Leroy Gondy, Kauchak David, Hogue Alan
a Management Information Systems Department , University of Arizona , Tucson , Arizona , USA.
b Computer Science Department , Pomona College , Claremont , California , USA.
J Health Commun. 2016;21 Suppl 1(Suppl):18-26. doi: 10.1080/10810730.2015.1131775.
To help increase health literacy, we are developing a text simplification tool that creates more accessible patient education materials. Tool development is guided by a data-driven feature analysis comparing simple and difficult text. In the present study, we focus on the common advice to split long noun phrases. Our previous corpus analysis showed that easier texts contained shorter noun phrases. Subsequently, we conducted a user study to measure the difficulty of sentences containing noun phrases of different lengths (2-gram, 3-gram, and 4-gram); noun phrases of different conditions (split or not); and, to simulate unknown terms, pseudowords (present or not). We gathered 35 evaluations for 30 sentences in each condition (3 × 2 × 2 conditions) on Amazon's Mechanical Turk (N = 12,600). We conducted a 3-way analysis of variance for perceived and actual difficulty. Splitting noun phrases had a positive effect on perceived difficulty but a negative effect on actual difficulty.
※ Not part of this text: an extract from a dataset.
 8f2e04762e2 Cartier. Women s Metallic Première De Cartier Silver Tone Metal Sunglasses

The presence of pseudowords increased perceived and actual difficulty. Without pseudowords, longer noun phrases led to increased perceived and actual difficulty. A follow-up study using the phrases (N = 1,350) showed that measuring awkwardness may indicate when to split noun phrases. We conclude that splitting noun phrases benefits perceived difficulty but hurts actual difficulty when the phrasing becomes less natural.
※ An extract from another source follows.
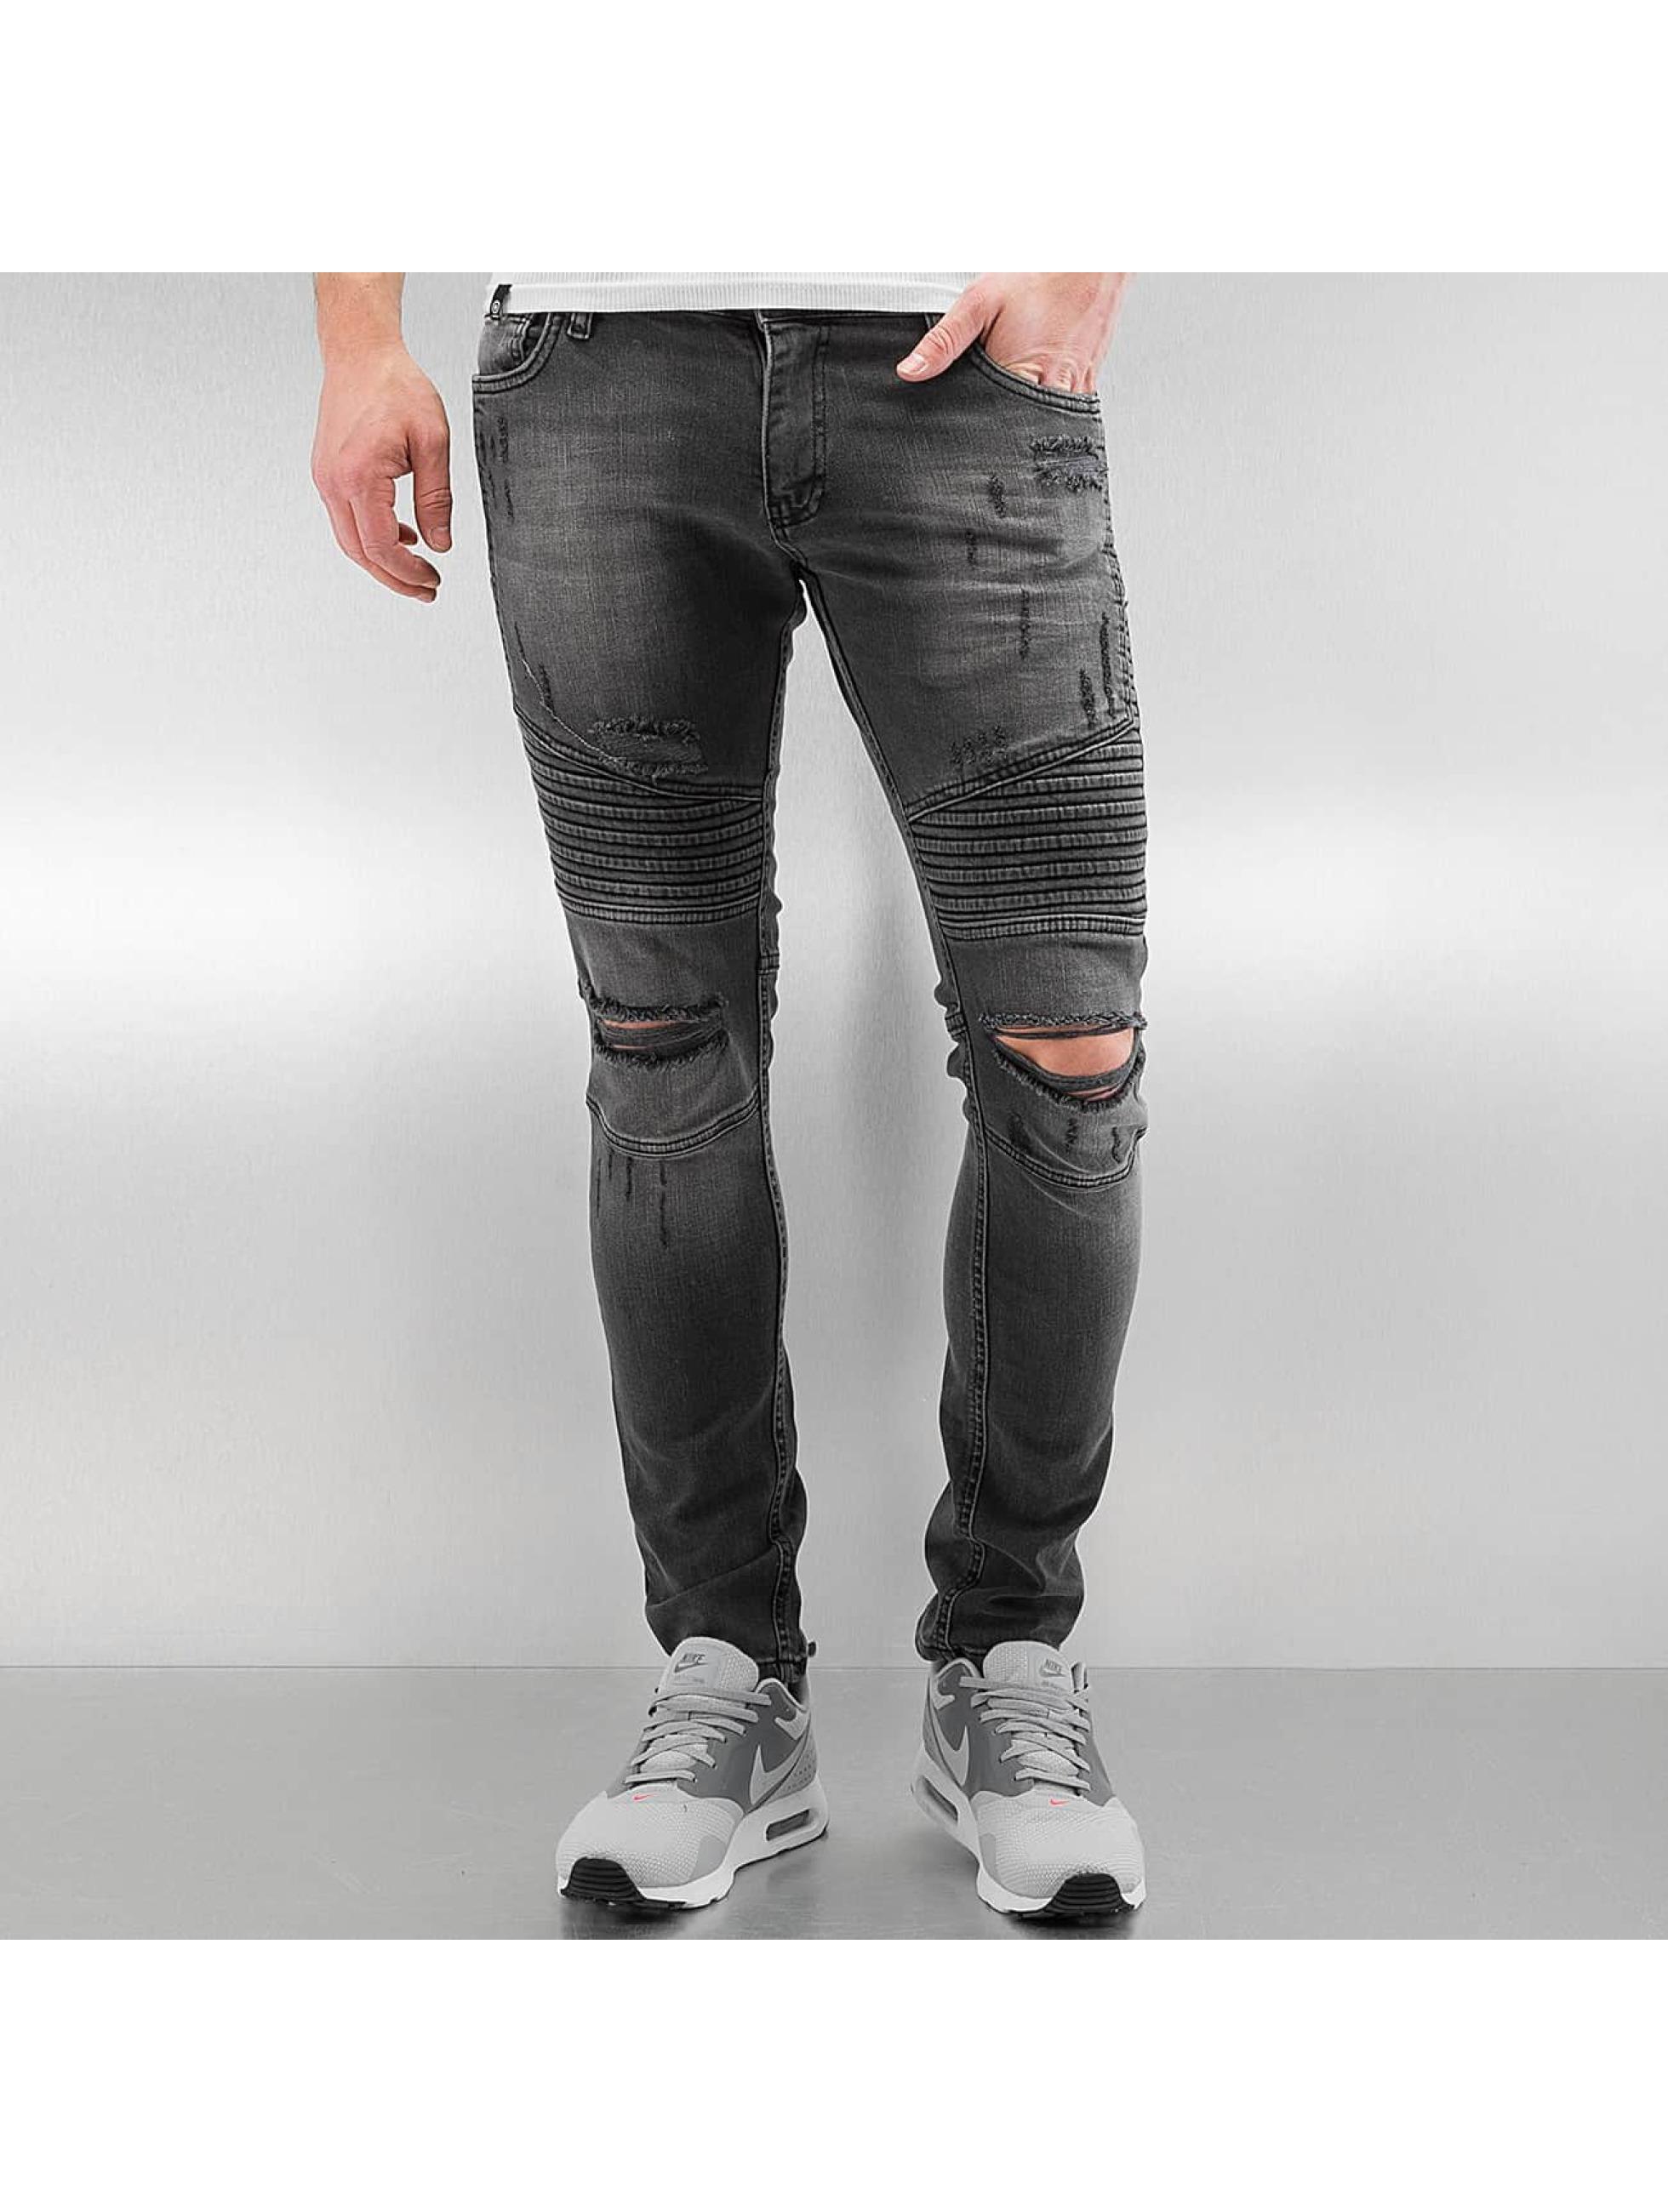 2Y / Skinny Jeans Grimsby in grey W 33

为了提高健康素养,我们正在开发一种文本简化工具,以创建更易于理解的患者教育材料。工具开发以数据驱动的特征分析为指导,该分析比较简单文本和复杂文本。在本研究中,我们关注拆分长名词短语这一常见建议。我们之前的语料库分析表明,较简单的文本包含较短的名词短语。随后,我们进行了一项用户研究,以衡量包含不同长度(2词、3词和4词)名词短语的句子的难度;不同条件(拆分或不拆分)下的名词短语;以及为模拟未知术语而设置的伪词(存在或不存在)。我们在亚马逊的Mechanical Turk上针对每种条件下的30个句子(3×2×2条件)收集了35份评估(N = 12,600)。我们对感知难度和实际难度进行了三因素方差分析。拆分名词短语对感知难度有积极影响,但对实际难度有负面影响。伪词的存在增加了感知难度和实际难度。在没有伪词的情况下,较长的名词短语会导致感知难度和实际难度增加。一项使用这些短语的后续研究(N = 1,350)表明,衡量语句的拗口程度可能会表明何时拆分名词短语。我们得出结论,拆分名词短语在感知难度方面有益,但当措辞变得不那么自然时,会损害实际难度。